Can Dündar: Ne yapılmasını savunuyorsunuz sayın Uslu?

Salim Uslu: Şimdi tek tek ayrıntıya girmeden şunu söyleyeyim; bir defa bir yasaya ilişkin hepimizin paylaştığı bir ortak konsept oluşturmak lazım. Bu sosyal devlet ruhuna uygun bir konsept oluşturmak lazım. Sadece parasal dengeleri ve değerleri gözeten bir anlayış yerine gerçekten sosyal güvenlik anlayışına, felsefesine uygun bir konsept olması lazım ve buradan bugün ortaya koyduğumuz sorunlar mevcut durumun sürdürülemezliği üzerine bina ediliyor, oysa getirilmek istenen düzenleme 70 yıl, 80 yıl sonrası çocuklarımıza yönelik bir düzenlemedir deniyor. Oysa biz sorunu bugün yaşıyoruz ve yapılacak düzenlemelerin bugün yaşanan soruna bir çaresi yok. Hani o meşhur hikayedir; hoca it’ini arıyor bir yerde sokakta kaybettiği bir yerde. Görenler diyorlar ki; hoca ne yapıyorsun, it’imi arıyorum. Burada mı yitirdin? Yok diyor o sokağın o köşesinde yitirdim. Niye burada arıyorsun diyorlar, iyi de burası aydınlık diyor, burada arıyorum. Yani şimdi burada görülen şey mevcut çalışan üzerinden ne kadar tasarruf yaparız olmaması lazım. Yani ona dikkat etmek lazım.

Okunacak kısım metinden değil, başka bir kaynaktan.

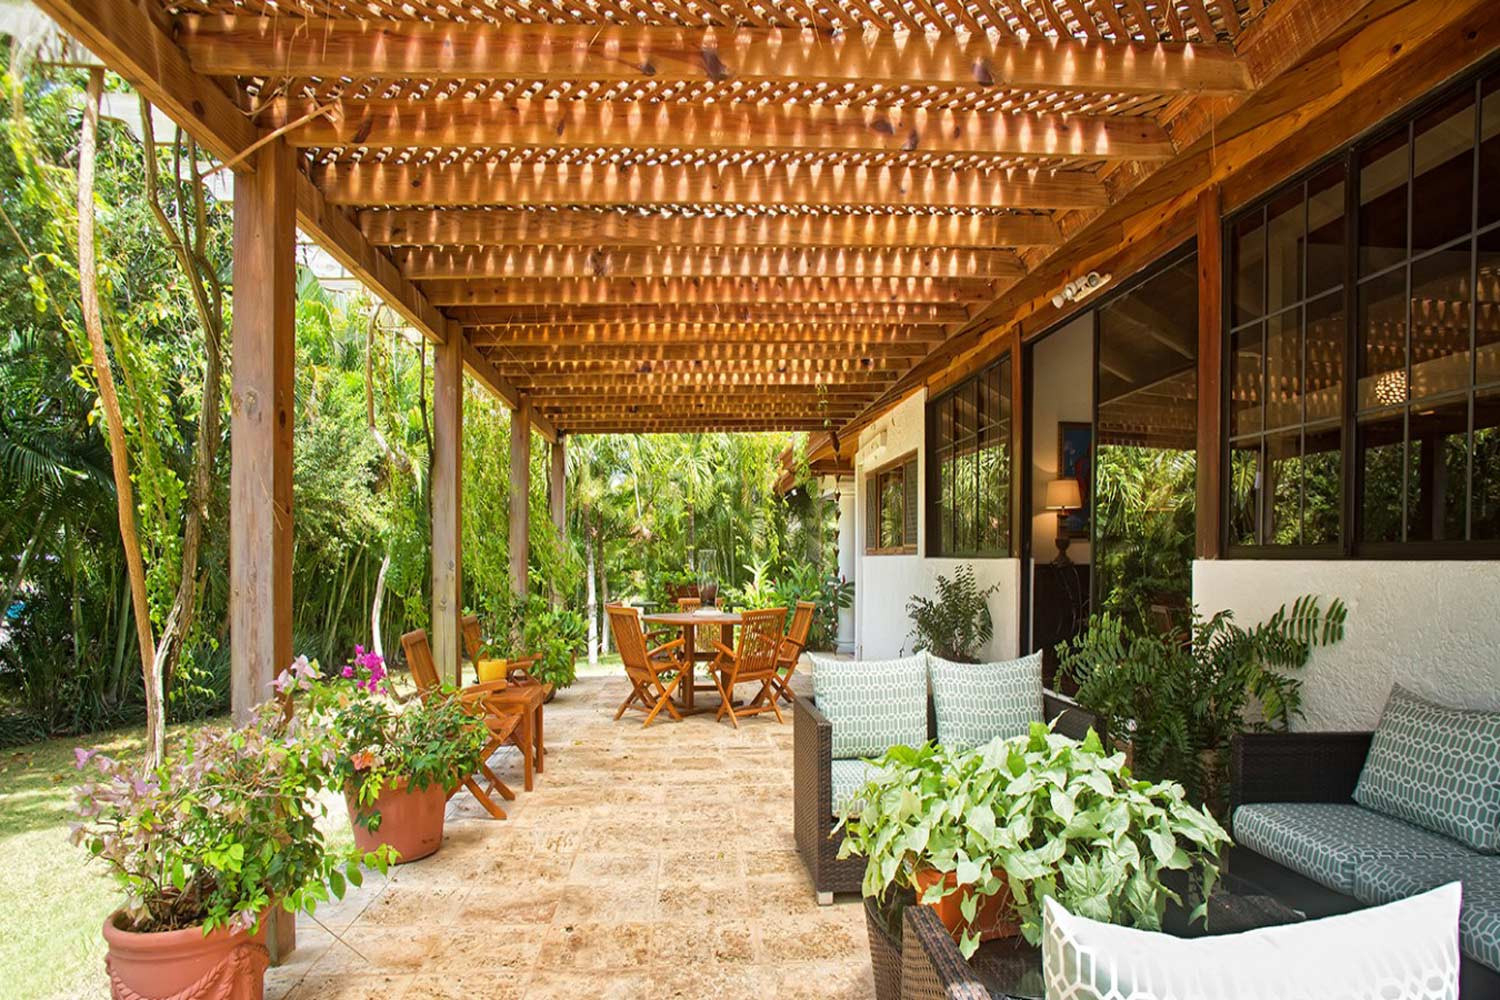 Casa De Campo - Dominican Republic - Garden Villas encequiconcerne Jardines De Casas De Campo

Can Dündar: Teşekkür ederim.

Salim Uslu: Mesela ben olsaydım ne yapardım’ı 1-2 cümleyle şey yapayım.

Can Dündar: Çok kısa.

Salim Uslu: Bir defa kamu personel reformunu bununla birlikte eş zamanlı yapardım, işçi memur tanımını yeni baştan yapardım. İkincisi, kayıt dışı istihdamda 11 milyon 400 bin kişi çalışıyor, toplam sivil işgücü içerisinde yani sistemin dışında kalanlara baktığınız zaman. Bunu sistemin içerisine alırdım. 5510 sayılı yasa bu getirilen düzenlemeden daha ehvendir ve bir kabul vardır toplumda. Bunu varsa gerekli düzeltmeleri yapar orada kalırdım ve bu yasayla eş zamanlı olarak sayın bakanım ILO normlarına da uygun olarak iş güvencesi yasasını mutlaka değiştirmemiz lazım. Yani iş güvencesinde işe iade sistemini getirmemiz lazım. Aksi halde sistemde uzun süre kalmayı o yaptığınız hesapta belli artışlar getiriyorsunuz, yani işçi de zannediyorum bir 6 milyon liralık filan bir artış getiriyor. İş güvencesi yasası olmazsa 6 milyon lira sistemde kalmak için cazip değil, tam tersinde sistemden emeklilikten umudunu kesen kaçmaya başlayacaklardır. O nedenle iş güvencesi yasası ve işe iadeyi getirin ki hiç olmazsa mutlak anlamda bir iş güvencesi sağlamış olalım. 2821, 22 eş zamanlı bununla beraber mutlaka değiştirelim. Bir de bu eylemle ilgili bir küçük şey söyleyeyim. Demokrasilerde, demokratik sistemlerde sendikalar bir anlamda erken uyarı sistemidir. Sendikalar bir yerde bağırmaya başladığında, itiraz etmeye başladığında demokrasilerde o sese kulak vermek gerekir, oradaki mesajı almak ve oturup düzeltmek gerekir. Şimdi sayın başbakan 3 Ocak toplantısında ekonomik sosyal konsey toplantısında bu görüş ve önerilerden sürecin her aşamasında istifade edilecektir diyor, devamlı her türlü katkıya hazırız diyor, sizde aynı şeyleri söylüyorsunuz. Bence yarından geci yok hemen oturup bir şekilde teknik çalışmalara başlamak lazım. Farklı görüşler olabilir, farklı sistem önerileri olabilir ama bu sistemin ıslahı ya da sürdürülebilirliği bakımından çalışmaların devam etmesinde fayda var. Bir de bu açıklar konusunda, o da hükümetinizi yakından ilgilendiriyor, hepimizi ilgilendiriyor. Şu anda kayıt dışı istihdamın vergi ve sigorta kayıt miktarı 26 milyar YTL’dir. Bunu biz şayet sisteme katabilecek mekanizmaları harekete geçirebilirsek sosyal sigortalar sisteminin açığından bahsetmemiz mümkün değil.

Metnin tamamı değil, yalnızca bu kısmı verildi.